Call the integer in the bounds of y, J. If J is not a root of p[x], y is irrational. Suppose J is a root and there is only one root of p[x] in the bounds for y. Then y is J and is rational. There could be multiple roots in the interval with y and J. So we might need more work.

The following argument for the other cases uses one idea from the calculus. That could be avoided. We thought it was unlikely anyone that is trying to follow this has not had a little calculus. It uses without comment lots of little facts about polynomials.

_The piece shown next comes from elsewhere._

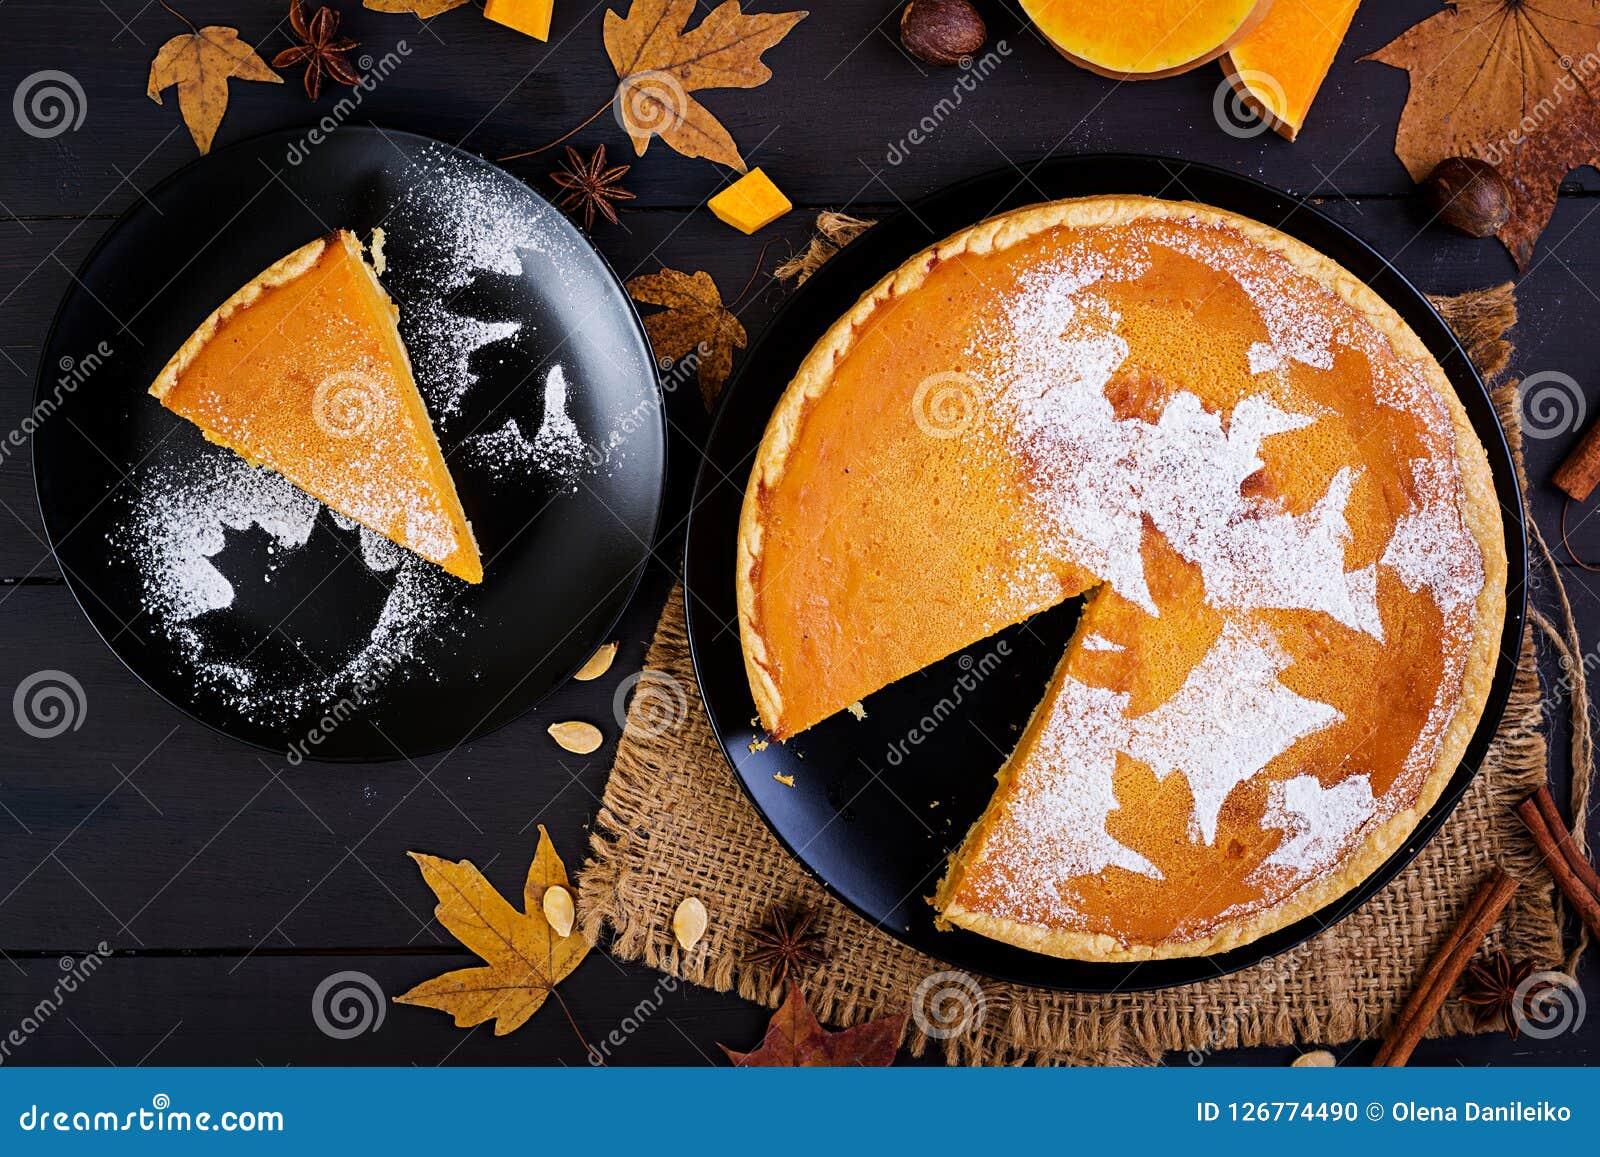 American homemade pumpkin pie with cinnamon and nutmeg

If J is a root of p[x] and there are other roots of p[x] in the bounds of y
then we have to account for the roots of p[x] in more detail. Possible repeated
roots make this harder to test. So we get our computer to compute p[x] explicitly.
Compute h[x] = greatest common divisor, gcd(p[x],p'[x]). The Euclidean algorithm
for polynomials (Knuth, "Seminumerical Algorithms") can determine h[x] in a
feasible amount of time. p'[x] is just the derivative of p[x]. Now compute
q[x] = p[x]/h[x]. q[x] has all of the roots of p[x] with the repeated roots
removed. This is easy to prove with elementary calculus. Now that the repeated
roots are removed we get the computer to narrow the bounds on each root until
none overlap. This will always succeed because there are no repeated roots. Now
if J is in the bounds of y we know that J = y. J is a root of q[x] and so is y
and there are exactly as many intervals as the degree of q[x]. So the pigeon-hole principle is the reason we know J = y. If J is not in the interval with y then y is irrational.

Q.E.D.

## Discussion

If you made it through that, then you can handle problems like this:

Is y = sum (i to m)(q_i * sqrt ( r_i)) irrational where q_i and r_i
are rationals, all r_i > 0?

Call Z the product of all the denominators of the q_i's and r_i's. Then compute y*Z. Since Z is an integer, y is irational if and only if y*Z is. However the right hand side of y*Z now has no denominators and fits our test above. So we can test y*Z.